Я остался жить, чтобы встретить Тебя. Ты Солнце мое.

Ты зимнее, февральское, чистое и холодное Солнце мое. Ты такая горячая, что даже страшно. Ты горячее взрыва, опаснее смерти. Когда я обнимал и целовал Тебя, когда я входил в Тебя всей силой своей любви – я чувствовал, как близок Порог. И Ты смеялась от счастья. Так, как Ты, никто, никогда не радовался мне.

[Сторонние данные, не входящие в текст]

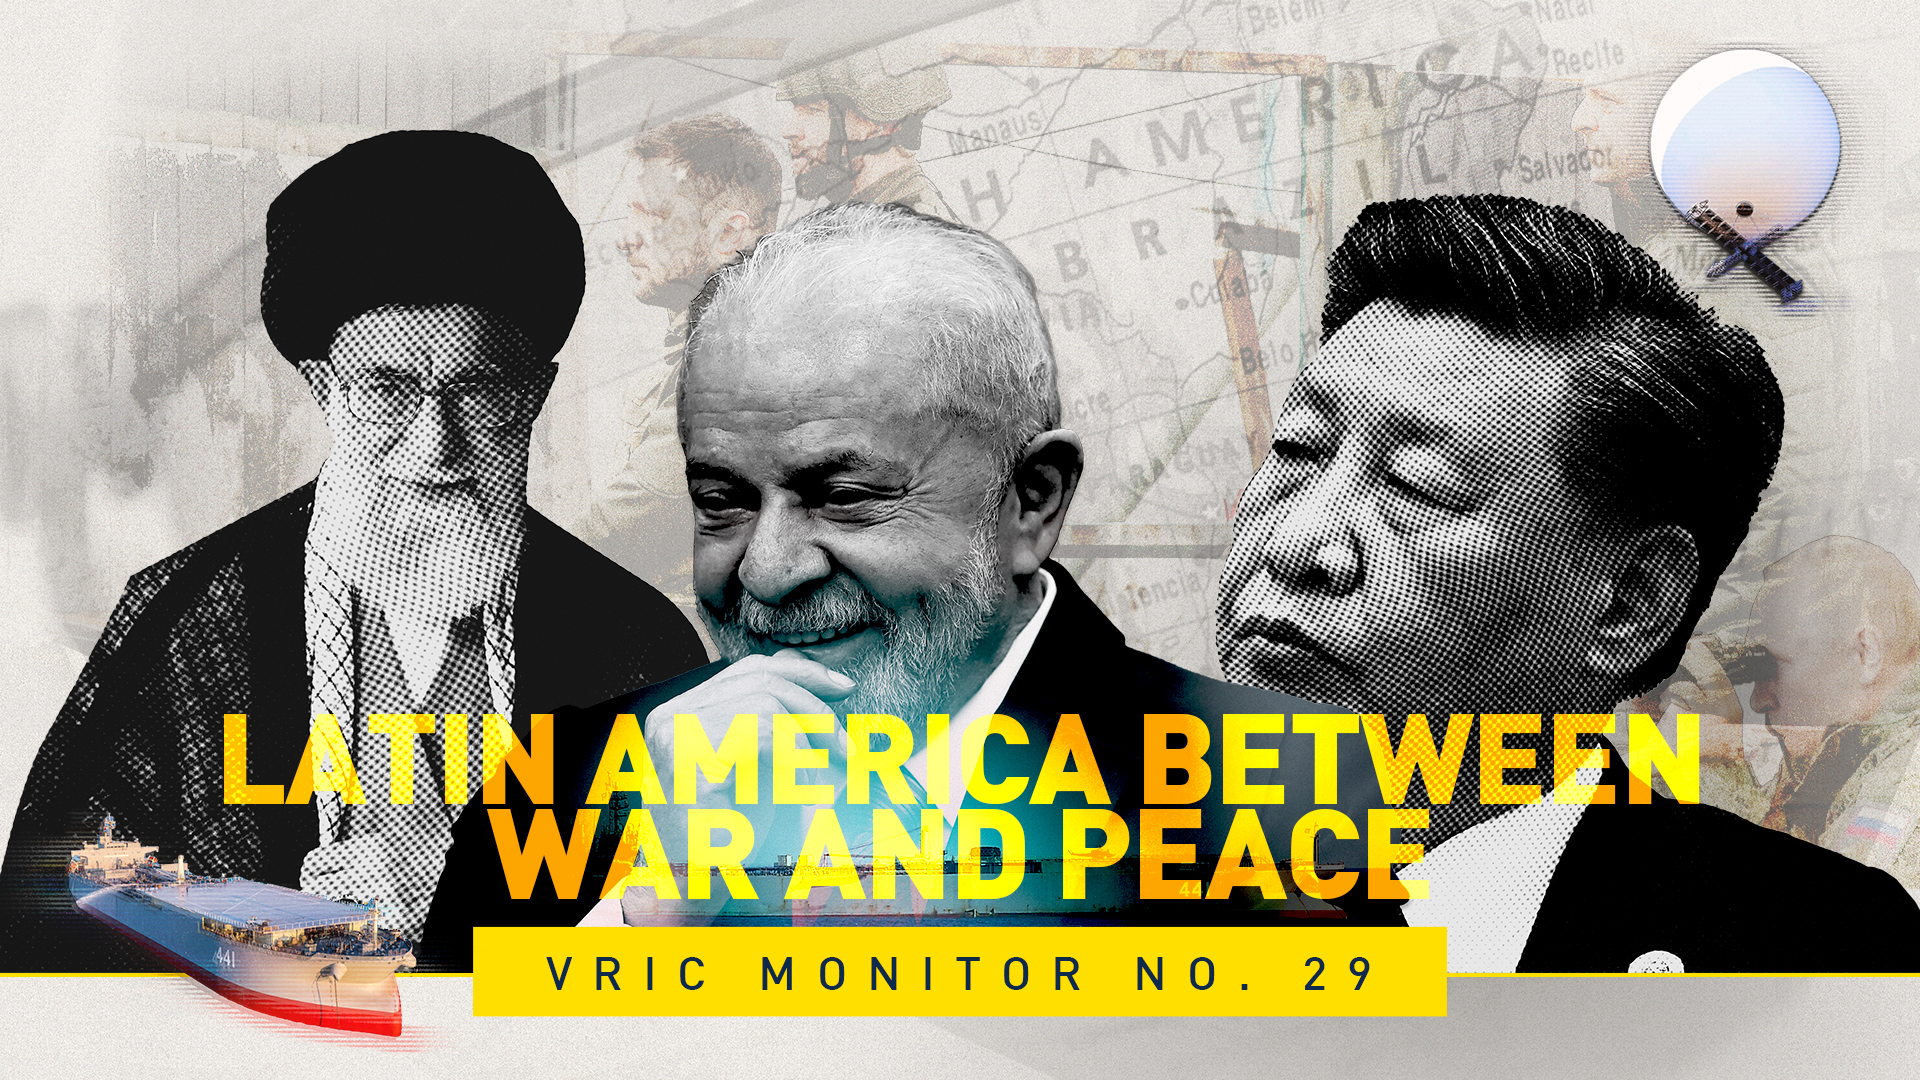 VRIC MONITOR No. 29 | Latin America between War and Peace

Флот умолк. Сиротская кровавая вода пестрела человеческими головами, как живыми минами. Ты, нежная, Ты не знаешь, что такое Зимняя Война. Ты пожимаешь плечами, улыбаешься, смеешься. Ты думаешь: кто-то там где-то там умирает. Ну и что. А я живу. Нет, Ты не живешь, если они, те, кто были там, в ледяной воде, с коченеющими мгновенно руками и ногами, умирающие от потери крови, – не с Тобой.

Но ведь они с Тобой, родная, и только потому, что я – с Тобой.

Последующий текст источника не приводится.